First window of size 'm' will have characters {e, n, c}. We will hash them now.

  • win ['e'] = 1
  • win ['n'] = 1
  • win ['c'] = 1

Now we check if the frequency of each character from both the arrays (hash_B [] and win []) are same. Note: Maximum size of hash_B [] or win [] is 26.

If they are not same we shift our window.

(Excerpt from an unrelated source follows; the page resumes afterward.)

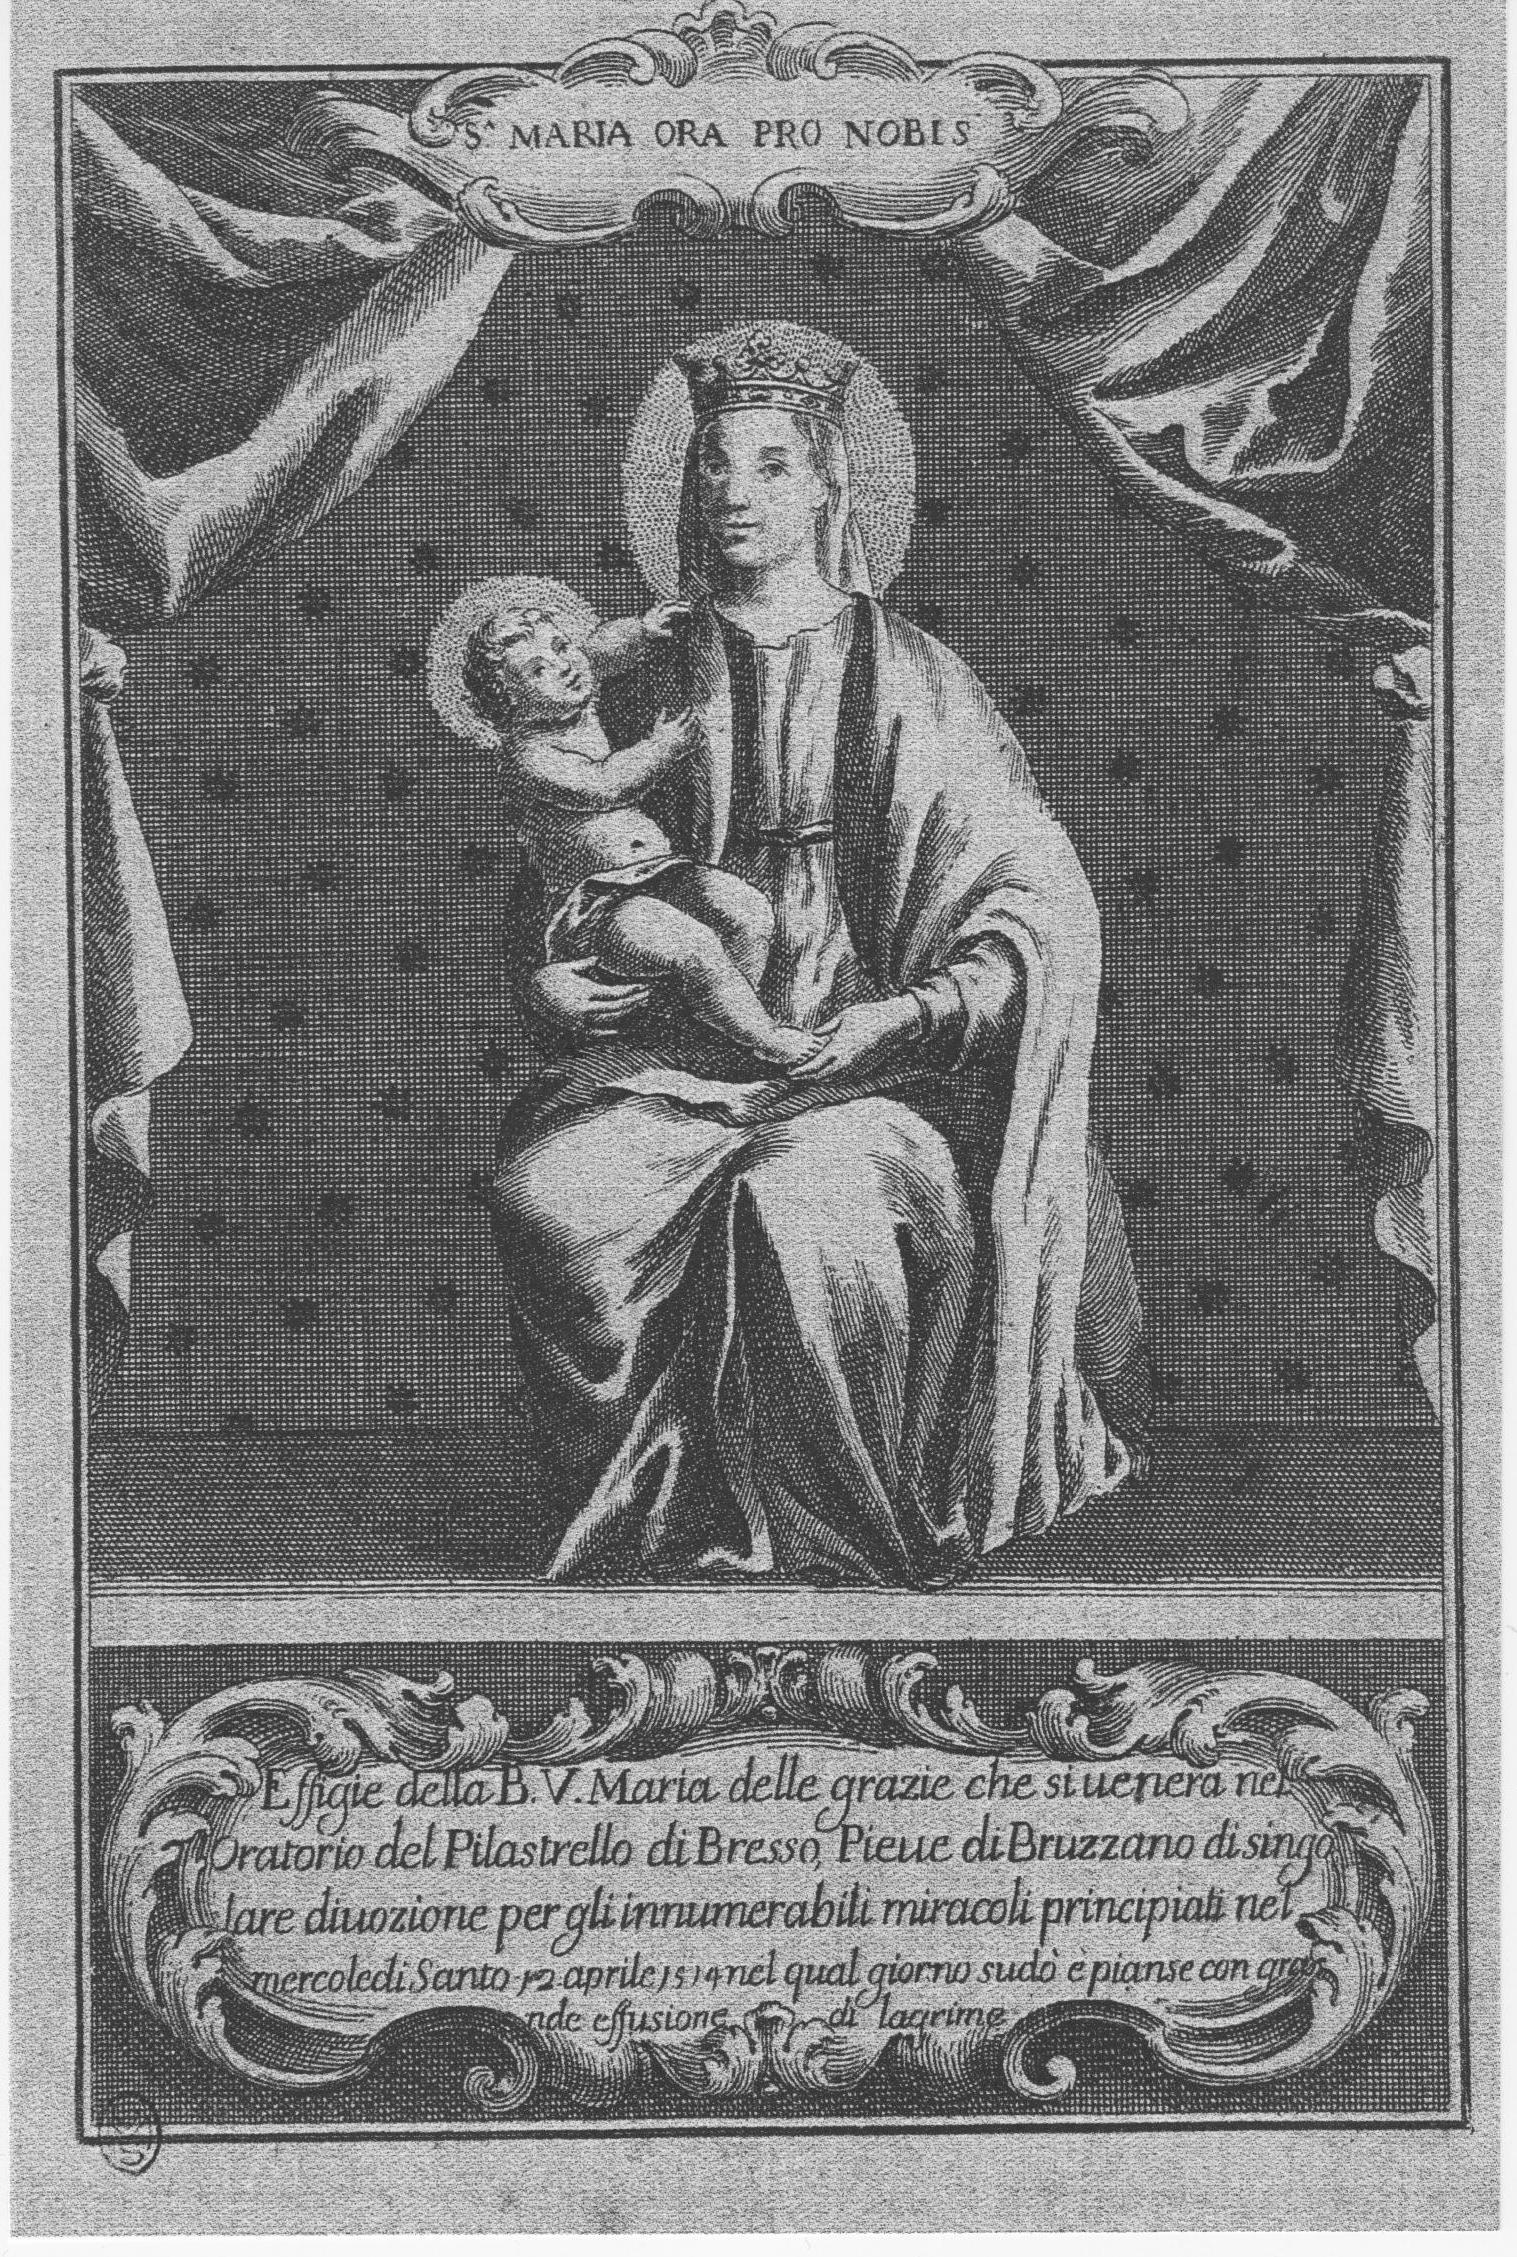 La Madonna del Pilastrello pianse

After shifting the window we decrease the count of win ['e'] by 1 and increase the count of win ['y'] by 1.

  • win ['n'] = 1
  • win ['c'] = 1
  • win ['y'] = 1

During the seventh shift, the status of your win array is:

  • win ['p'] = 1;
  • win ['e'] = 1;
  • win ['d'] = 1;

which is same as the hash_B array. So, Print "SUCCESS" and exit.

Solution 2

If I only have to worry about ASCII characters, it can be done in O(n) time with O(1) space. My code also prints the permutations out, but can be easily modified to simply return true at the first instance instead. The main part of the code is located in the printAllPermutations() method. Here is my solution:

Some Background

This is a solution that I came up with, it is somewhat similar to the idea behind the Rabin Karp Algorithm. Before I understanding the algorithm, I will explain the math behind it as follows:

Let S = {A_1, ..., A_n} be a multiset list of size N that contains only prime numbers. Let the sum of the numbers in S equal some integer Q. Then S is the only possible entirely prime multiset of size N, whose elements can sum to Q.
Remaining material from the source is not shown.